Женитьба Ставрогина на «хромой идиотке» – это кощунство над таинством брака, еще один вызов Богу. «Безобразнее нельзя было вообразить ничего», – говорит он, добавляя, что это было получше, чем застрелиться. Когда же богатое воображение Ставрогина иссякло, а силы истощились, он прибег-таки к последнему, самому сильному средству и убил себя, причем из всех видов самоубийства избрал самое некрасивое, иудино.
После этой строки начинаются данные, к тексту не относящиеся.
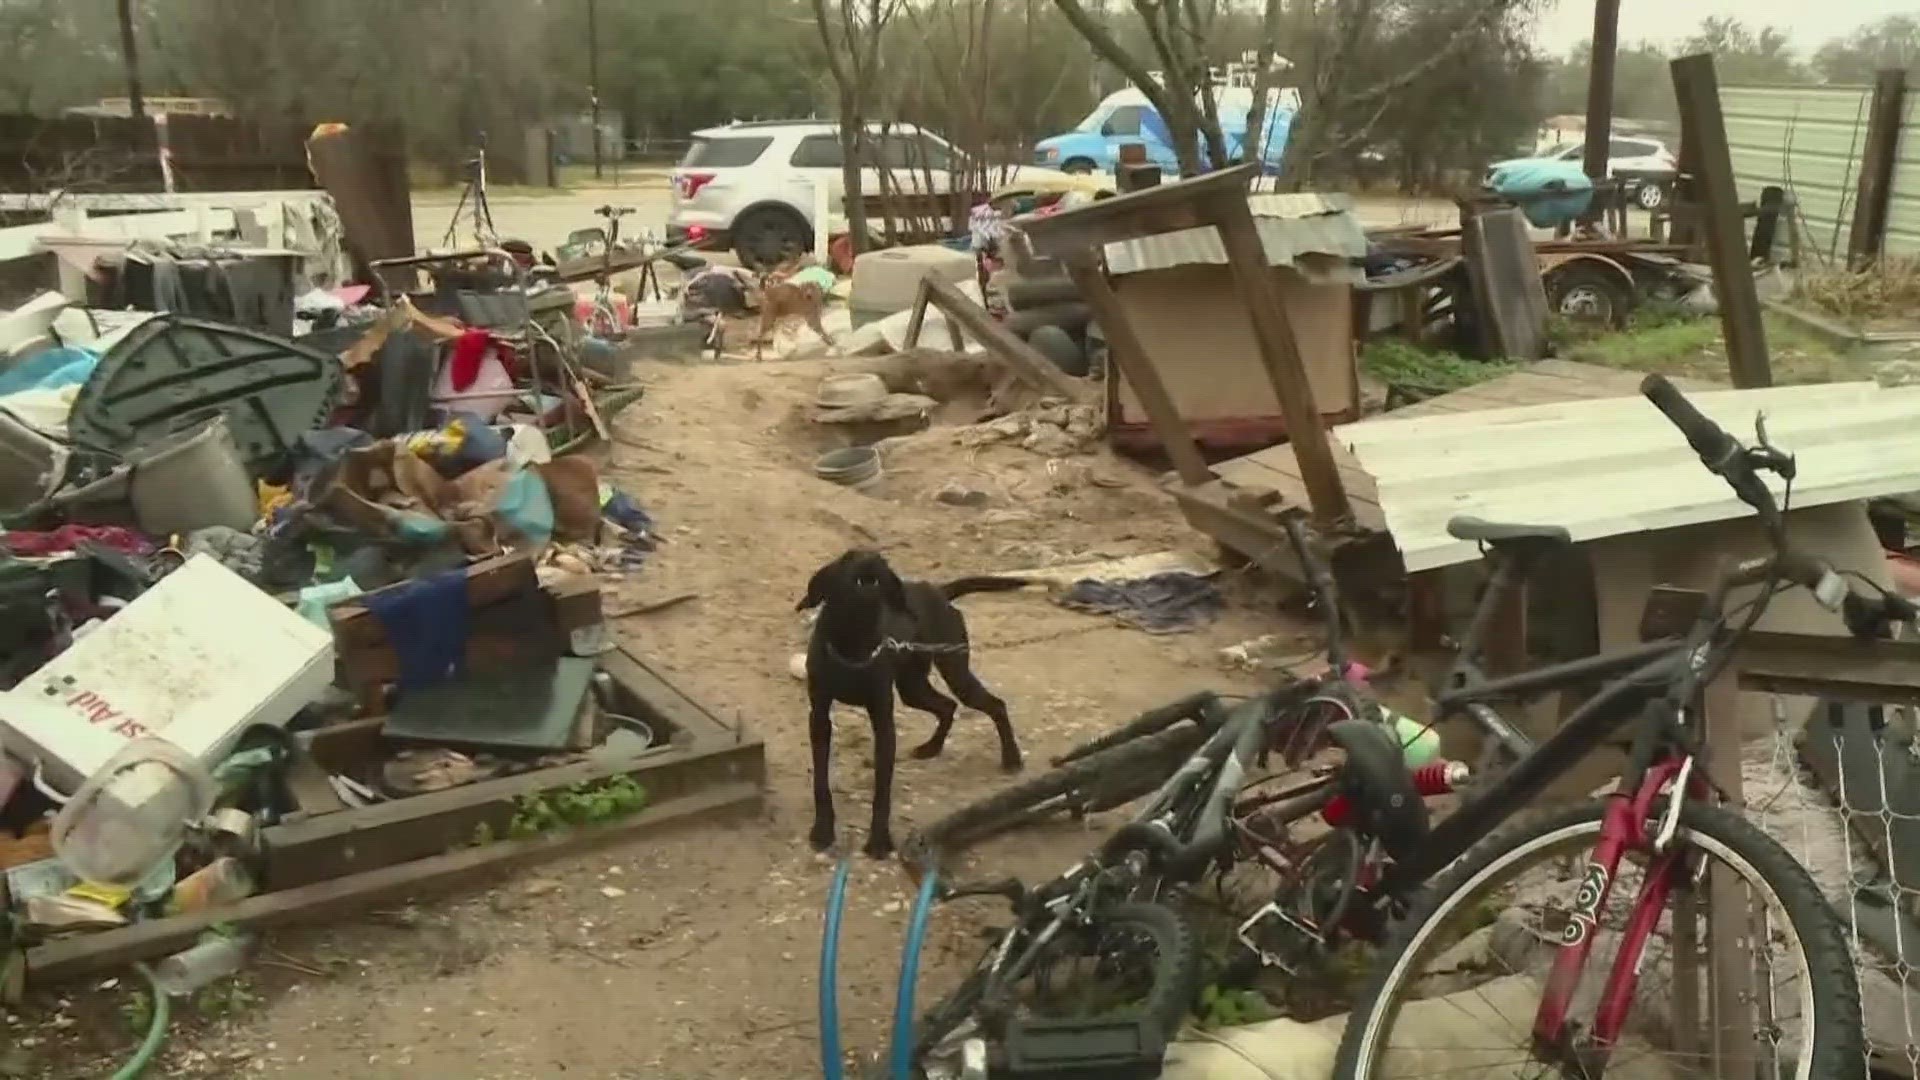 Officials say the dogs were chained to trees, junk and living with garbage.

И перед этим, в предсмертном письме, еще и намеренно принизил свой поступок («смести себя с земли как подлое насекомое», «последний обман в бесконечном ряду обманов»), чтобы уж совсем в неприглядном свете выставиться. Мол, и этот мой самосуд прошу искуплением не считать. А на самом деле во всем этом самоуничижении ощутима все та же апелляция к безмолвному Собеседнику: смотри, как я к себе безжалостен, и оцени это.